- TASK BRIEF: Output the listing exactly, without its pictures.

- SOURCE MATERIAL:

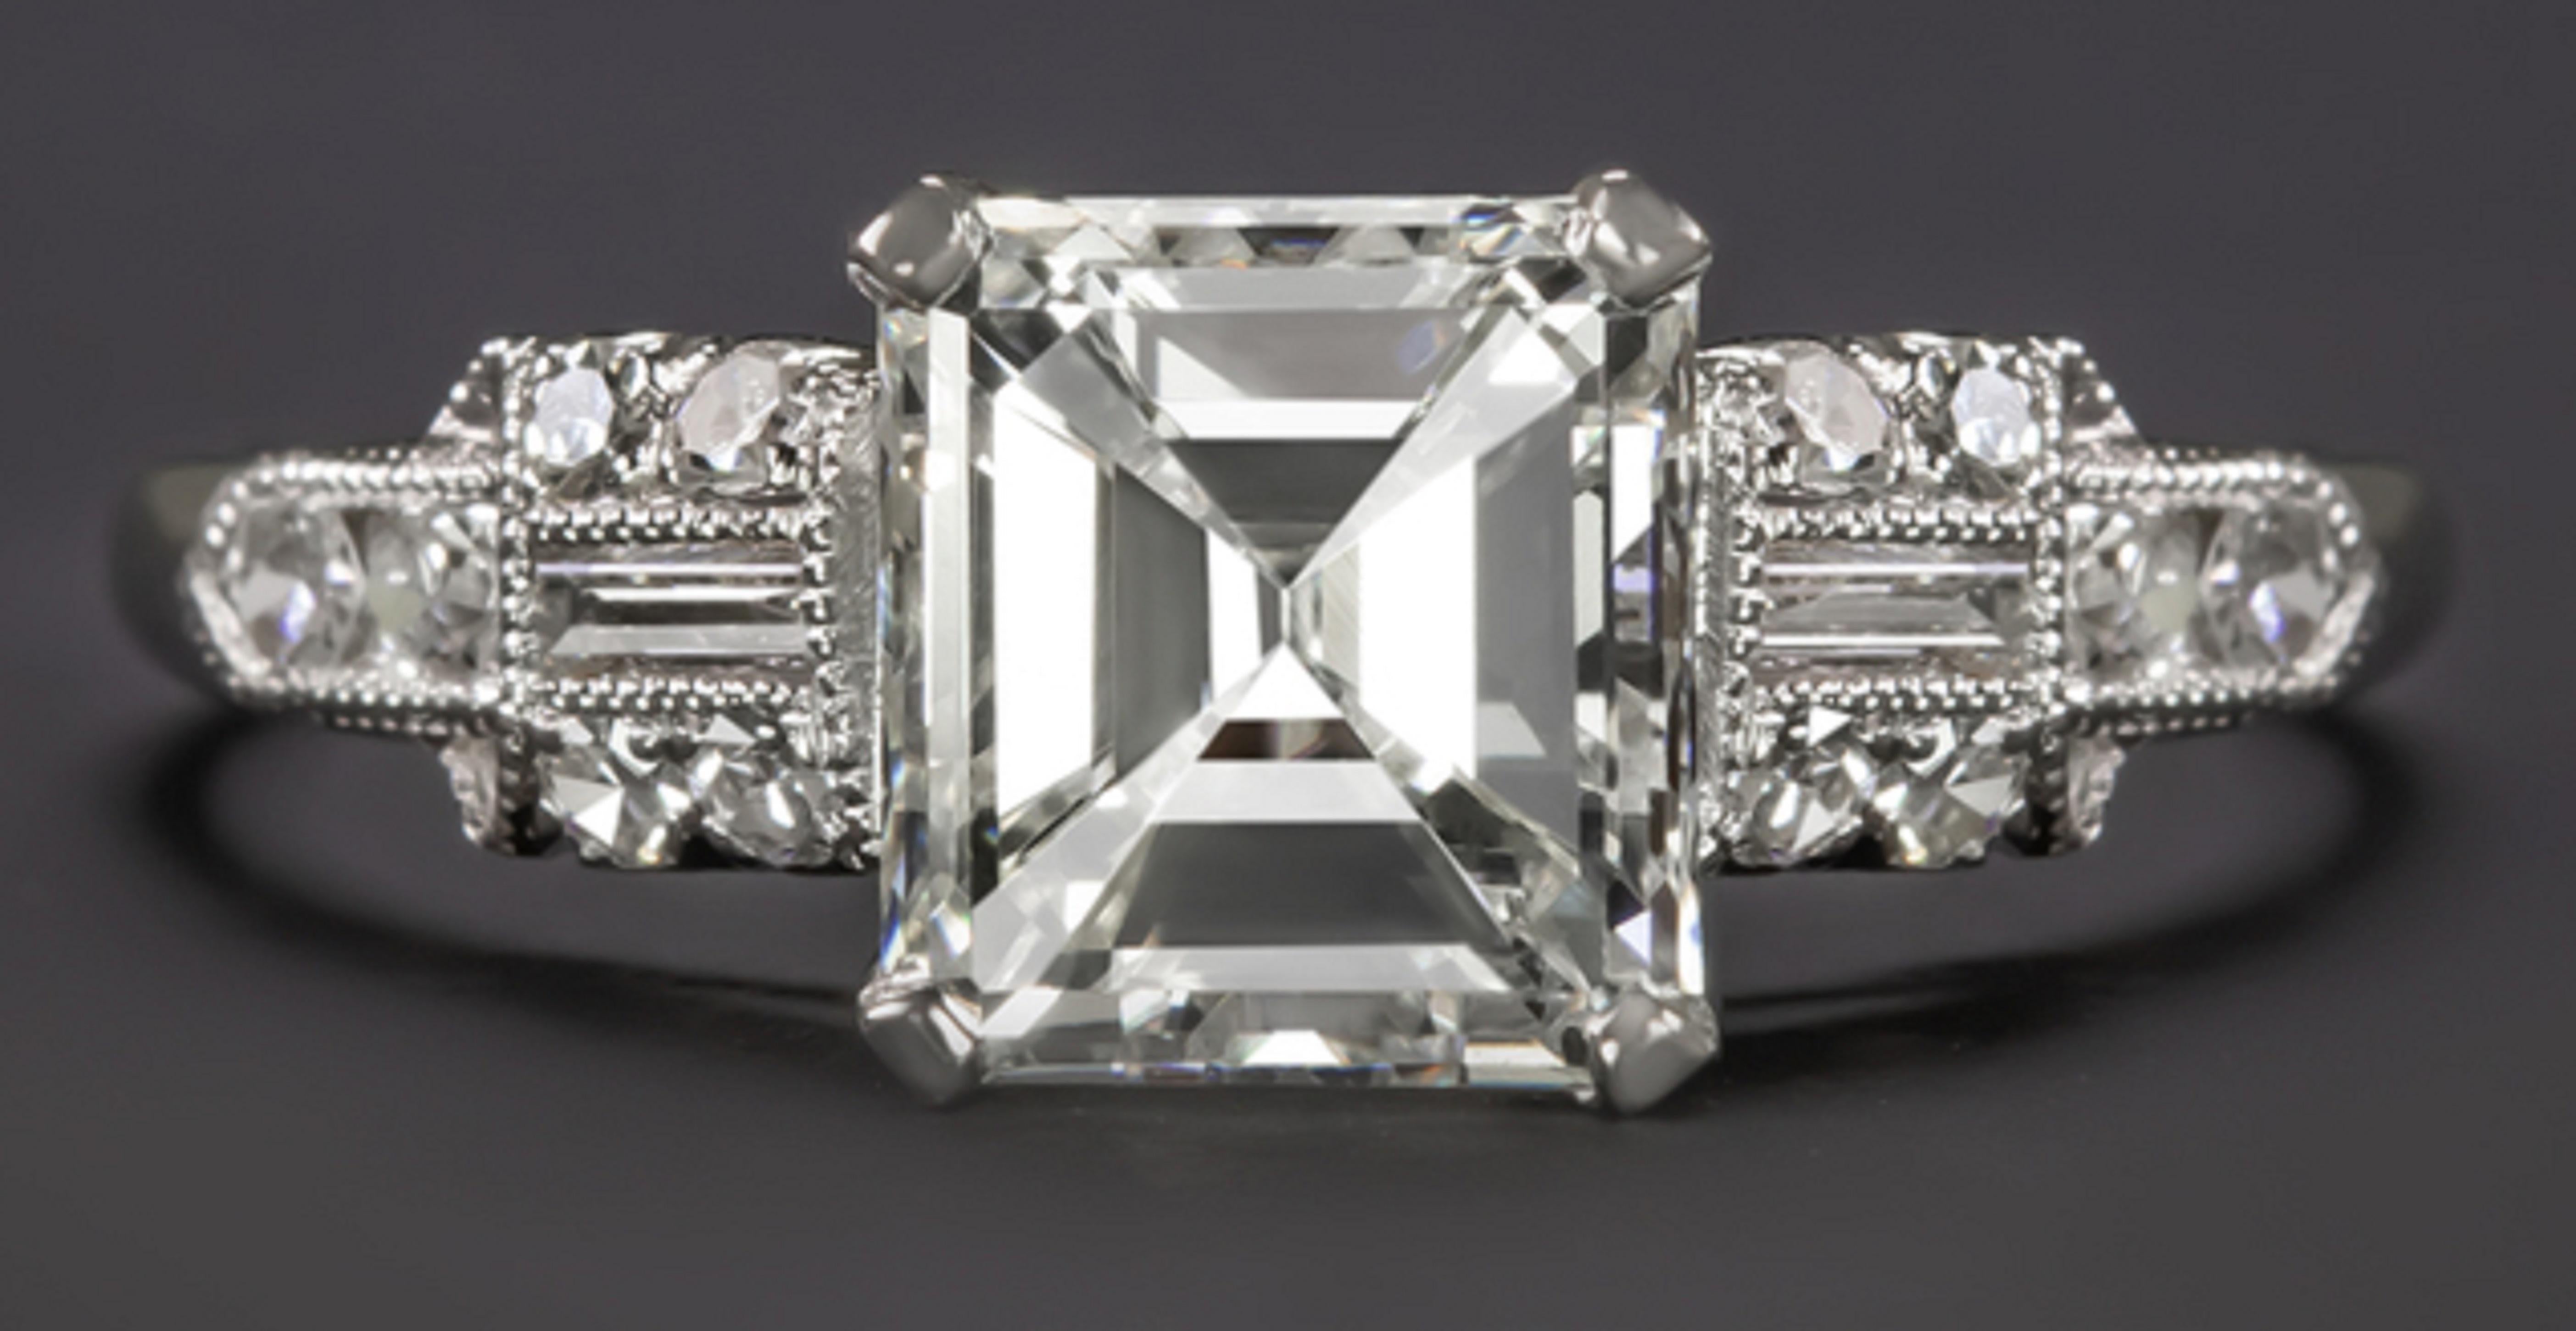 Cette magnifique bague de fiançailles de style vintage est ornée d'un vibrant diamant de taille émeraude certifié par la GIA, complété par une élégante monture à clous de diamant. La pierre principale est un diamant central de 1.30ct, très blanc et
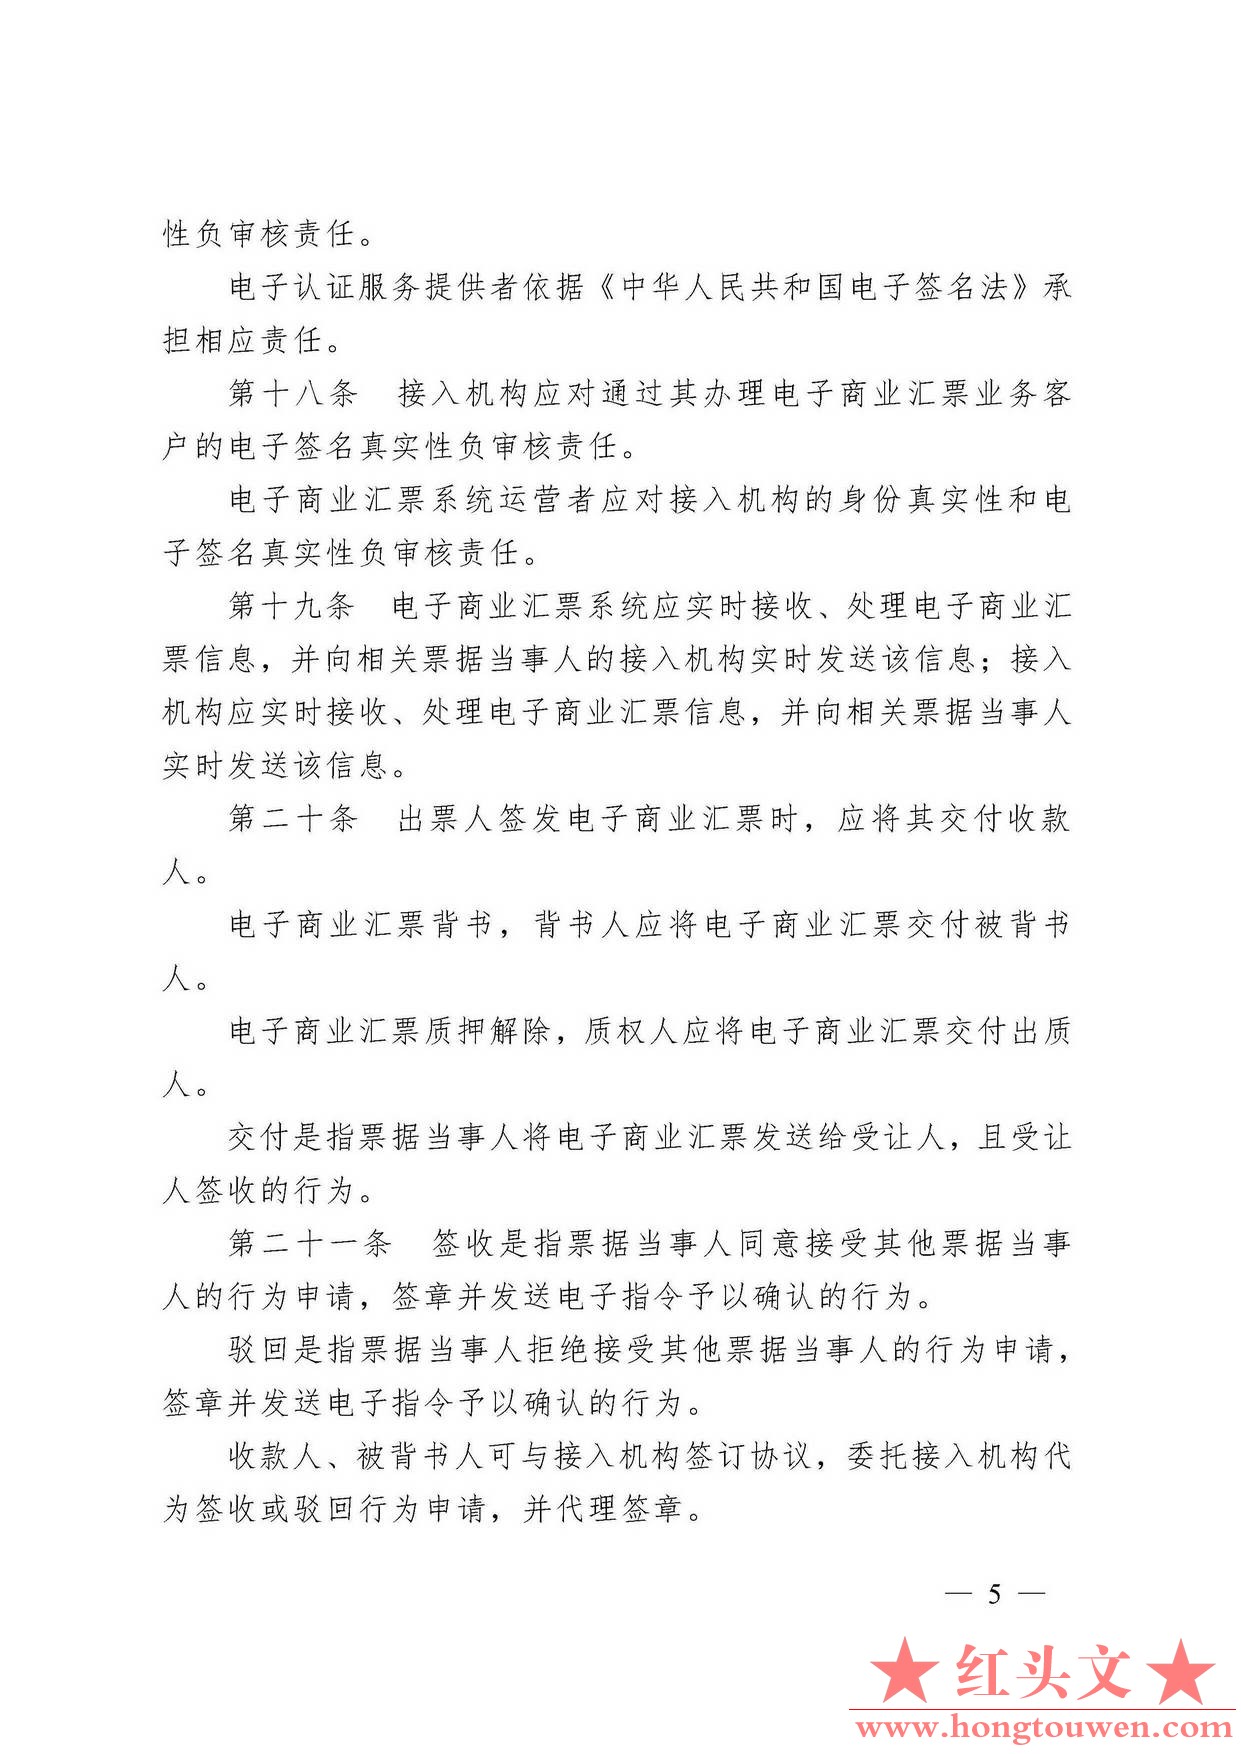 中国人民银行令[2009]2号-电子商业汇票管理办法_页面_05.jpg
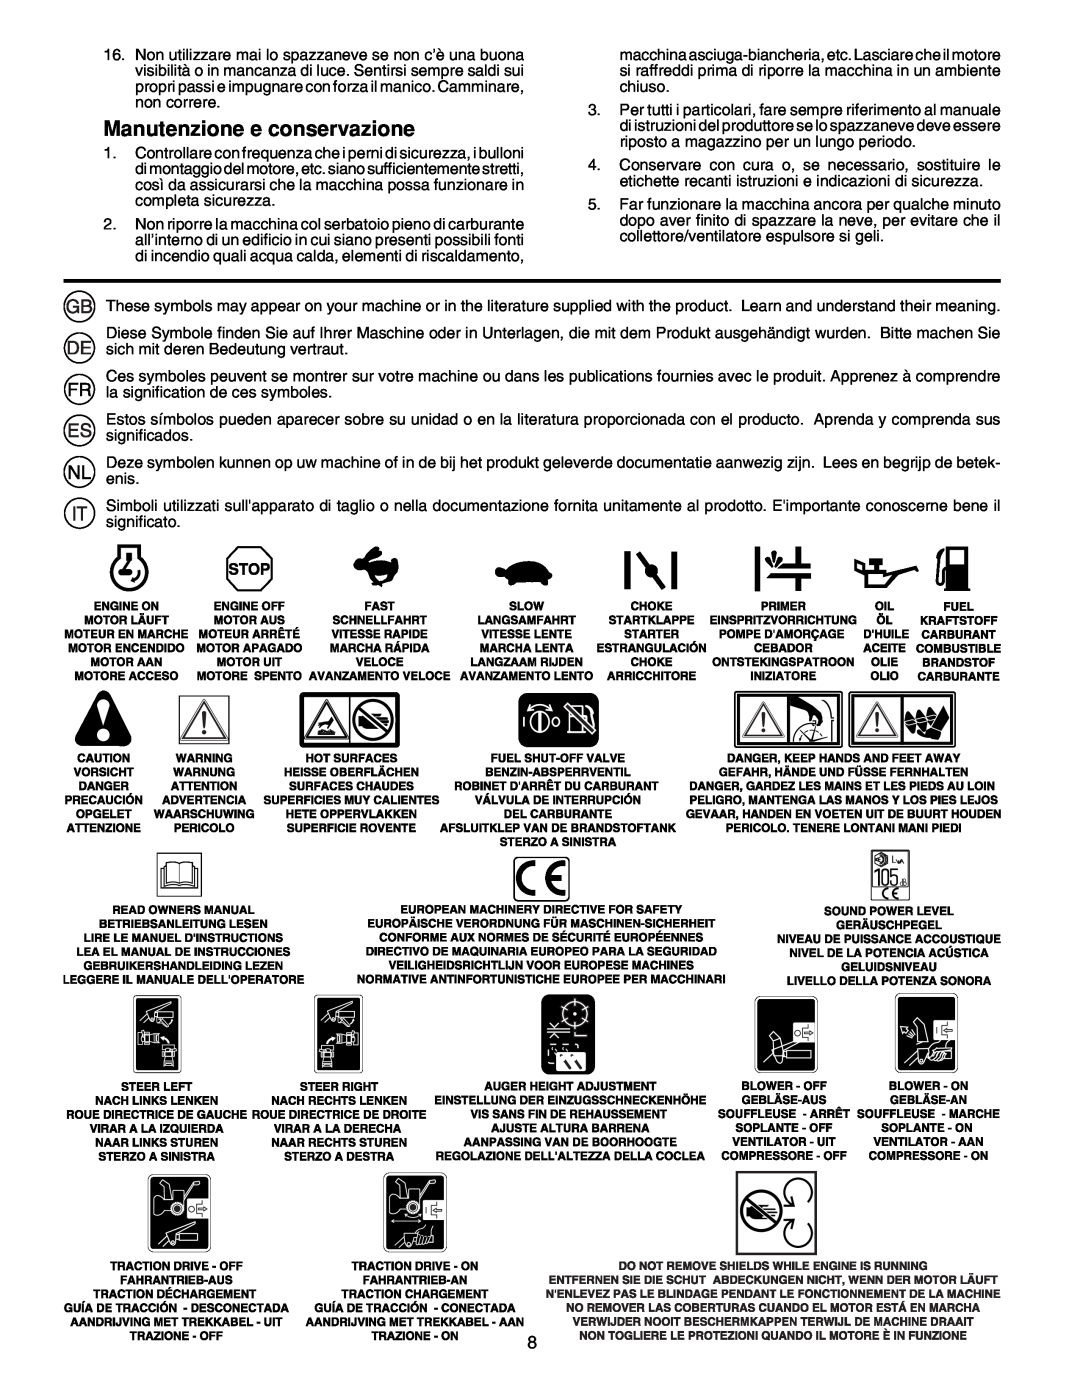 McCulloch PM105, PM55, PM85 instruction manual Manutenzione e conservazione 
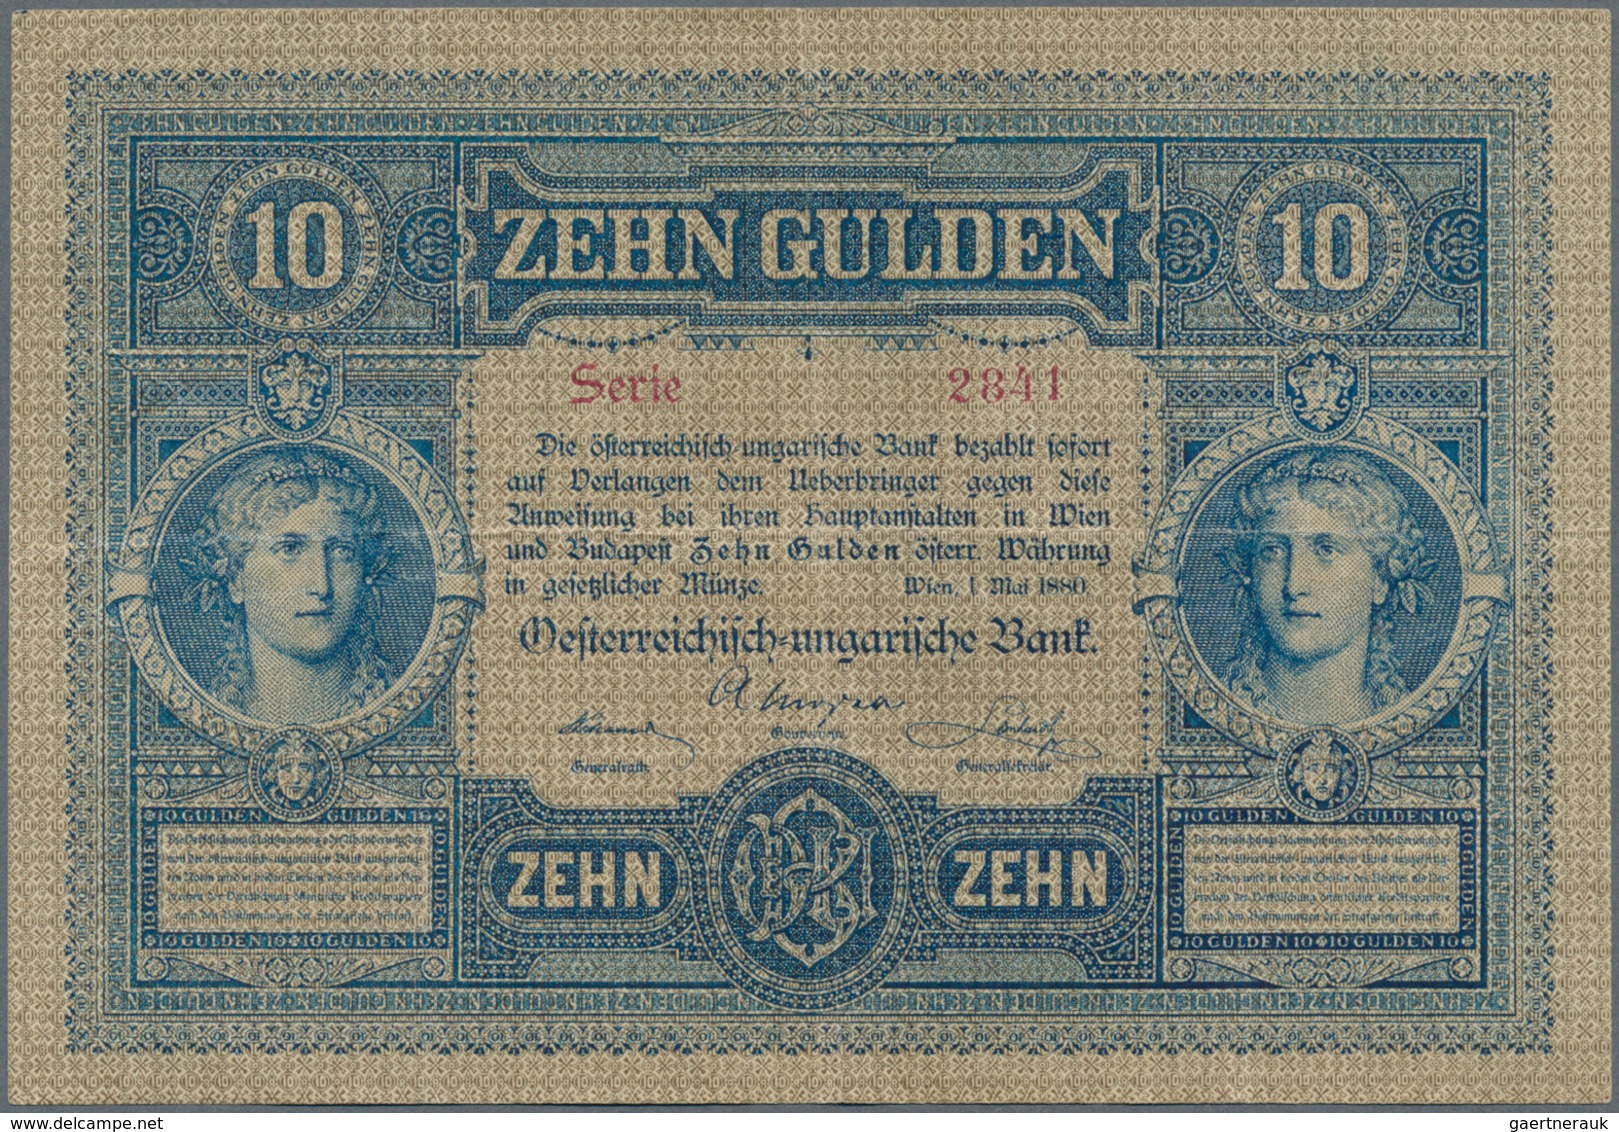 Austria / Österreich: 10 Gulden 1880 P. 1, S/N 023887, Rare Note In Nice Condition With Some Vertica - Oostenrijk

- OUTPUT FOR THIS EXERCISE:
 Cette magnifique bague de fiançailles de style vintage est ornée d'un vibrant diamant de taille émeraude certifié par la GIA, complété par une élégante monture à clous de diamant. La pierre principale est un diamant central de 1.30ct, très blanc et
 中国人民银行令[2009]2号-电子商业汇票管理办法_页面_05.jpg
 McCulloch PM105, PM55, PM85 instruction manual Manutenzione e conservazione 
 Austria / Österreich: 10 Gulden 1880 P. 1, S/N 023887, Rare Note In Nice Condition With Some Vertica - Oostenrijk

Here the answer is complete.